- [TASK TO COMPLETE]
Hand back all of the records exactly as they read.

[Records from a data source]
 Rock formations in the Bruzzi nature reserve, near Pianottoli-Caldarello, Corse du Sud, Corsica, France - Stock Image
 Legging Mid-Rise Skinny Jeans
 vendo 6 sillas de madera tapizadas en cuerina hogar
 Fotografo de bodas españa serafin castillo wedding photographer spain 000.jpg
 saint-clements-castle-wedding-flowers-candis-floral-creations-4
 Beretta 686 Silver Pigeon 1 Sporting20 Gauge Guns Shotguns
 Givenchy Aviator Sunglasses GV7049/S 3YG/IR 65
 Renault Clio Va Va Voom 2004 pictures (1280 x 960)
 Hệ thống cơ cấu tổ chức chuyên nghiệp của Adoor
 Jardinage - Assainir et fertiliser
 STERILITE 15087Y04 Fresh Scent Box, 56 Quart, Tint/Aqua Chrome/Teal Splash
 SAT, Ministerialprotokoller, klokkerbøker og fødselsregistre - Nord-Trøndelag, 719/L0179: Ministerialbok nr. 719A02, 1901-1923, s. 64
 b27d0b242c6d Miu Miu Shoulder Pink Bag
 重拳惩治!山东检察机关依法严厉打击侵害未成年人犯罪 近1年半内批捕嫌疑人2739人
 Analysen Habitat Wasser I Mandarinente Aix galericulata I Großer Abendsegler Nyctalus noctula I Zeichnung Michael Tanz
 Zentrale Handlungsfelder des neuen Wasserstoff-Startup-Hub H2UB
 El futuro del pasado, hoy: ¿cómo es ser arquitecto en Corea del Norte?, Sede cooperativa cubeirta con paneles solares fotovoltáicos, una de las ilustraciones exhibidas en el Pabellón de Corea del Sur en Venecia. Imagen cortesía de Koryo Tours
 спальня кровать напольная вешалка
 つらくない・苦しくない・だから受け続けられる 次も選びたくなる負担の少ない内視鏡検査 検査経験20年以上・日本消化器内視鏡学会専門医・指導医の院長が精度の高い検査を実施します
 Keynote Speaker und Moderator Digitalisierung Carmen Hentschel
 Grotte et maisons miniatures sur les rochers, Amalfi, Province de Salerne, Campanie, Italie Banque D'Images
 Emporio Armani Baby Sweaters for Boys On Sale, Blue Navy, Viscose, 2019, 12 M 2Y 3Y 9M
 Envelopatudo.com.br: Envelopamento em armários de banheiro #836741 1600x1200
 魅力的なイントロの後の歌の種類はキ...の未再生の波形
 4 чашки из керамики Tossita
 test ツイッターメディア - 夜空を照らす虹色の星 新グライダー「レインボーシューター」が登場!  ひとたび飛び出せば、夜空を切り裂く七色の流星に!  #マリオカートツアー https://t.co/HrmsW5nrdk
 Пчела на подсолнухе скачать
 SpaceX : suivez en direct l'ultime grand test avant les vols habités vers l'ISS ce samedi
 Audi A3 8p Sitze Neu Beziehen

- [EXERCISE ANSWER]
 Rock formations in the Bruzzi nature reserve, near Pianottoli-Caldarello, Corse du Sud, Corsica, France - Stock Image
 Legging Mid-Rise Skinny Jeans
 vendo 6 sillas de madera tapizadas en cuerina hogar
 Fotografo de bodas españa serafin castillo wedding photographer spain 000.jpg
 saint-clements-castle-wedding-flowers-candis-floral-creations-4
 Beretta 686 Silver Pigeon 1 Sporting20 Gauge Guns Shotguns
 Givenchy Aviator Sunglasses GV7049/S 3YG/IR 65
 Renault Clio Va Va Voom 2004 pictures (1280 x 960)
 Hệ thống cơ cấu tổ chức chuyên nghiệp của Adoor
 Jardinage - Assainir et fertiliser
 STERILITE 15087Y04 Fresh Scent Box, 56 Quart, Tint/Aqua Chrome/Teal Splash
 SAT, Ministerialprotokoller, klokkerbøker og fødselsregistre - Nord-Trøndelag, 719/L0179: Ministerialbok nr. 719A02, 1901-1923, s. 64
 b27d0b242c6d Miu Miu Shoulder Pink Bag
 重拳惩治!山东检察机关依法严厉打击侵害未成年人犯罪 近1年半内批捕嫌疑人2739人
 Analysen Habitat Wasser I Mandarinente Aix galericulata I Großer Abendsegler Nyctalus noctula I Zeichnung Michael Tanz
 Zentrale Handlungsfelder des neuen Wasserstoff-Startup-Hub H2UB
 El futuro del pasado, hoy: ¿cómo es ser arquitecto en Corea del Norte?, Sede cooperativa cubeirta con paneles solares fotovoltáicos, una de las ilustraciones exhibidas en el Pabellón de Corea del Sur en Venecia. Imagen cortesía de Koryo Tours
 спальня кровать напольная вешалка
 つらくない・苦しくない・だから受け続けられる 次も選びたくなる負担の少ない内視鏡検査 検査経験20年以上・日本消化器内視鏡学会専門医・指導医の院長が精度の高い検査を実施します
 Keynote Speaker und Moderator Digitalisierung Carmen Hentschel
 Grotte et maisons miniatures sur les rochers, Amalfi, Province de Salerne, Campanie, Italie Banque D'Images
 Emporio Armani Baby Sweaters for Boys On Sale, Blue Navy, Viscose, 2019, 12 M 2Y 3Y 9M
 Envelopatudo.com.br: Envelopamento em armários de banheiro #836741 1600x1200
 魅力的なイントロの後の歌の種類はキ...の未再生の波形
 4 чашки из керамики Tossita
 test ツイッターメディア - 夜空を照らす虹色の星 新グライダー「レインボーシューター」が登場!  ひとたび飛び出せば、夜空を切り裂く七色の流星に!  #マリオカートツアー https://t.co/HrmsW5nrdk
 Пчела на подсолнухе скачать
 SpaceX : suivez en direct l'ultime grand test avant les vols habités vers l'ISS ce samedi
 Audi A3 8p Sitze Neu Beziehen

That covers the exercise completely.